#### [TASK DETAILS]
Return only the lines below starting at the line containing "75+ C-Level, 50%" and ending at the line containing "Lds Brio Vibe black snake thong sandal", both included, exactly as they are and with no pictures.

#### [RECORDS TO USE]
>>>
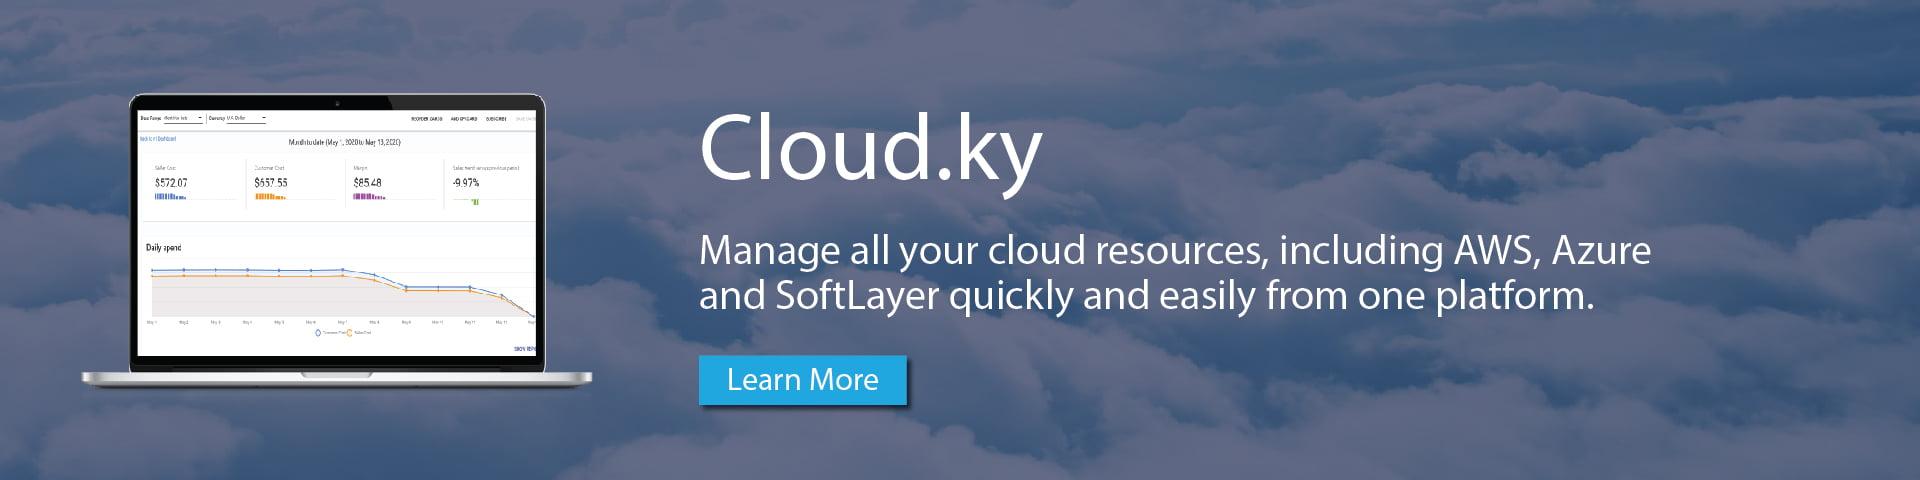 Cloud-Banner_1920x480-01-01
<<<
>>>
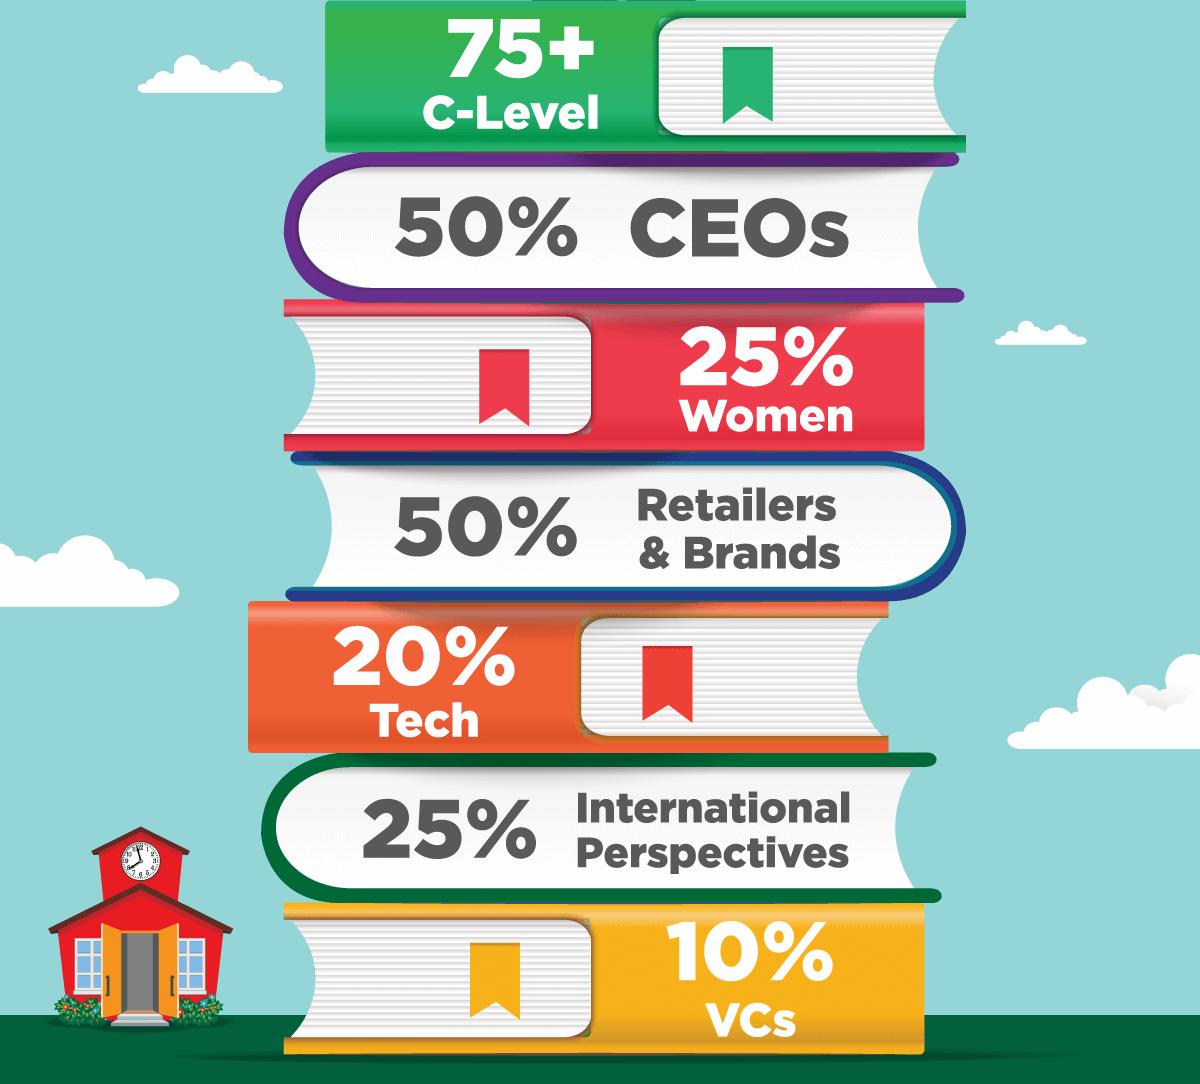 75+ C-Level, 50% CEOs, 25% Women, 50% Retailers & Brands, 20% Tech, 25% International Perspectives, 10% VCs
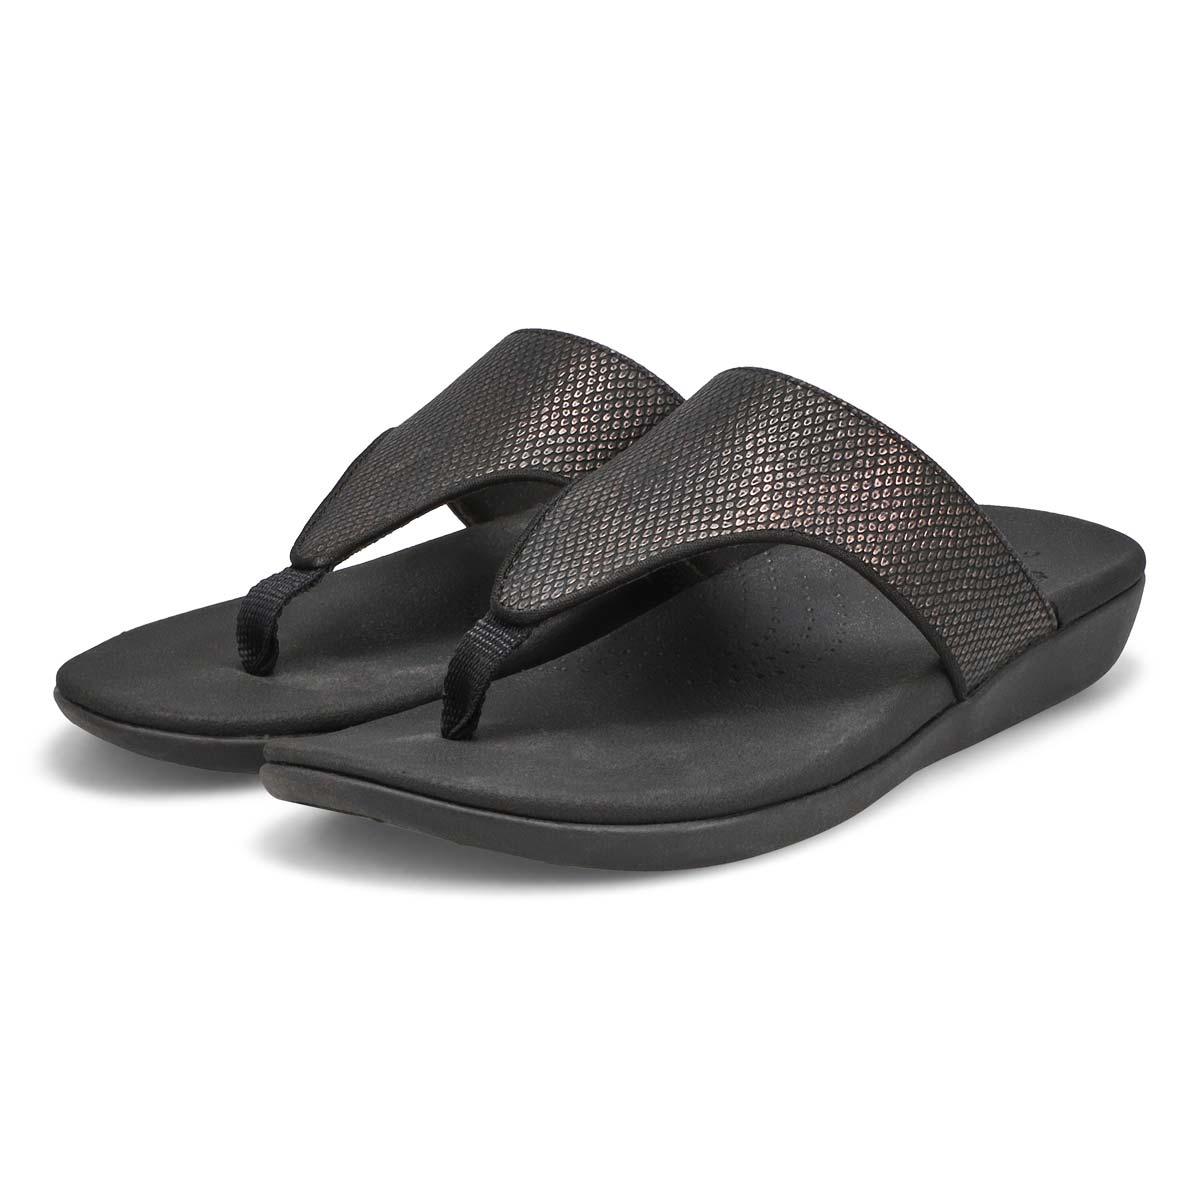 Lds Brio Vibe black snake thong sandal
<<<
>>>
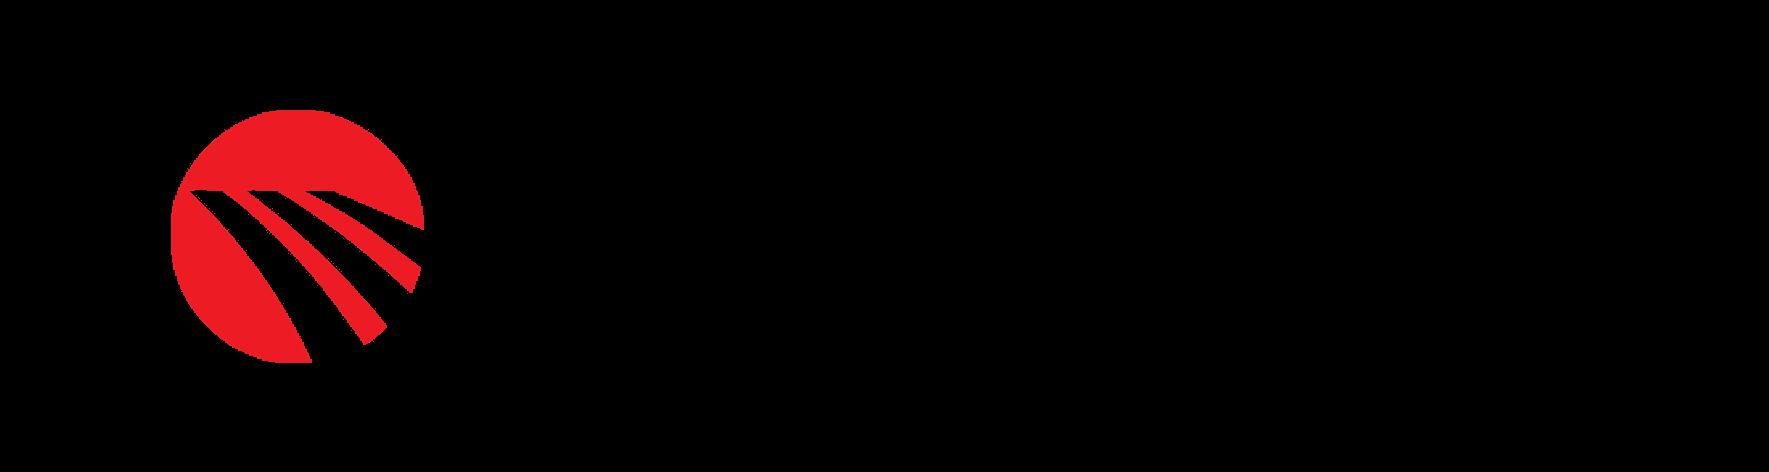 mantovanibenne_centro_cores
<<<
#### [REPLY TO THE TASK]
 75+ C-Level, 50% CEOs, 25% Women, 50% Retailers & Brands, 20% Tech, 25% International Perspectives, 10% VCs
 Lds Brio Vibe black snake thong sandal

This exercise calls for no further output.